> [Exercise]
Starting with the line that contains "Publicité Beau dépliant" and stopping after the line that contains "37871 001 - Stamp", copy the entries below exactly. Include nothing else.

> [Data for processing]
§ §

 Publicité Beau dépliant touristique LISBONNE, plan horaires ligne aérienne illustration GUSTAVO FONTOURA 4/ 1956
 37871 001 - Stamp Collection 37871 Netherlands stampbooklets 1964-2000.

§ §

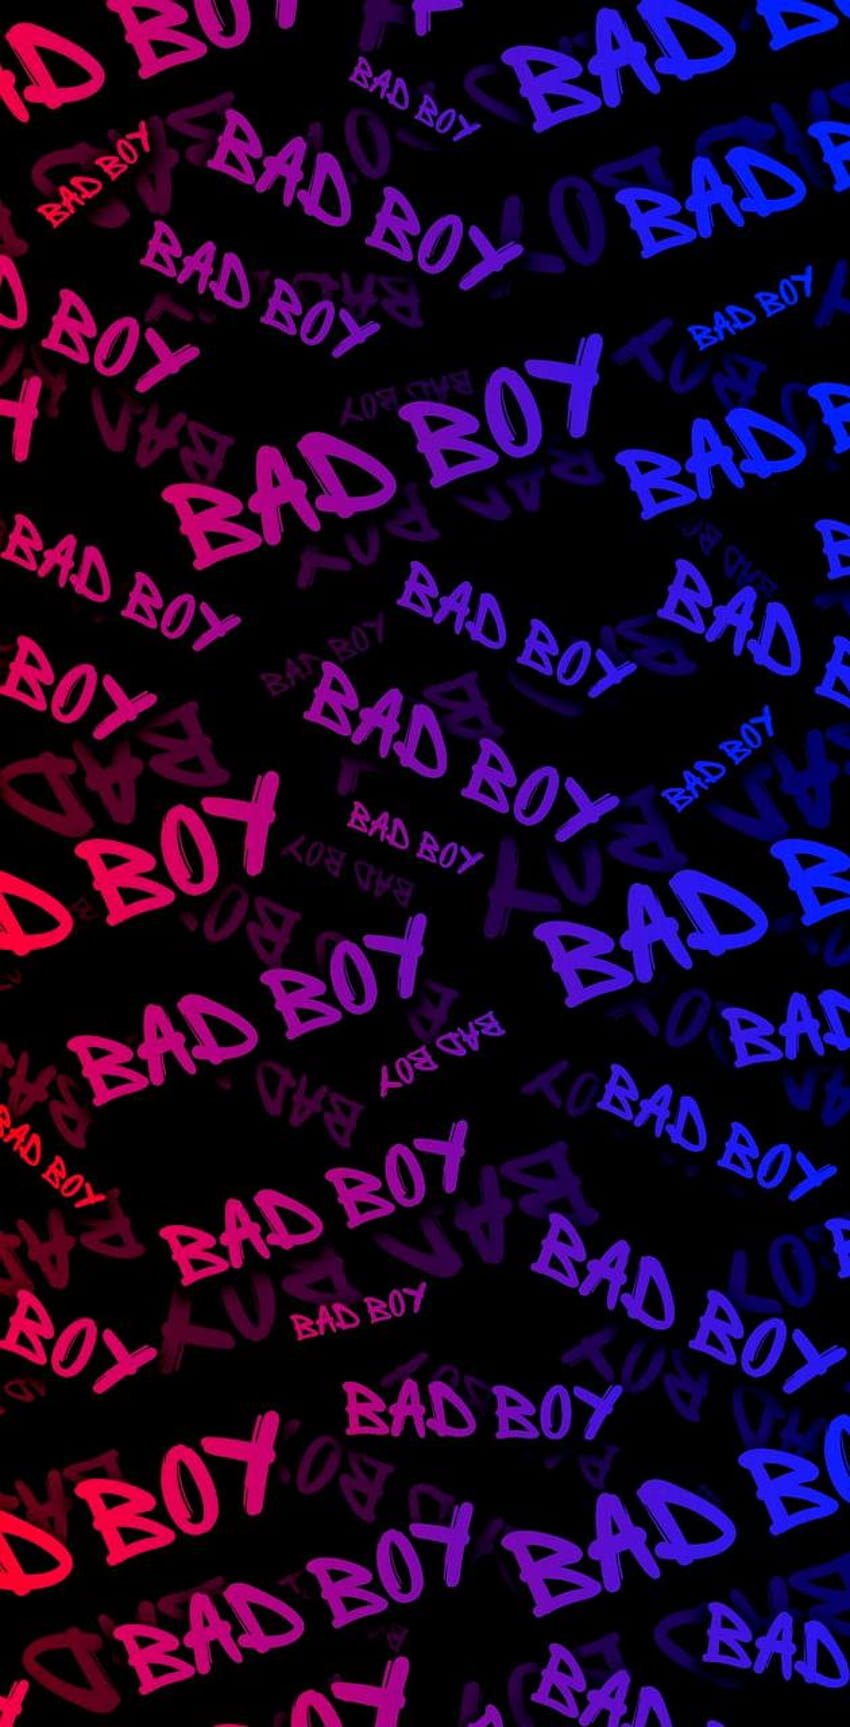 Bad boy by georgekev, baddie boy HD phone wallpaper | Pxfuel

§ §

> [Task result]
 Publicité Beau dépliant touristique LISBONNE, plan horaires ligne aérienne illustration GUSTAVO FONTOURA 4/ 1956
 37871 001 - Stamp Collection 37871 Netherlands stampbooklets 1964-2000.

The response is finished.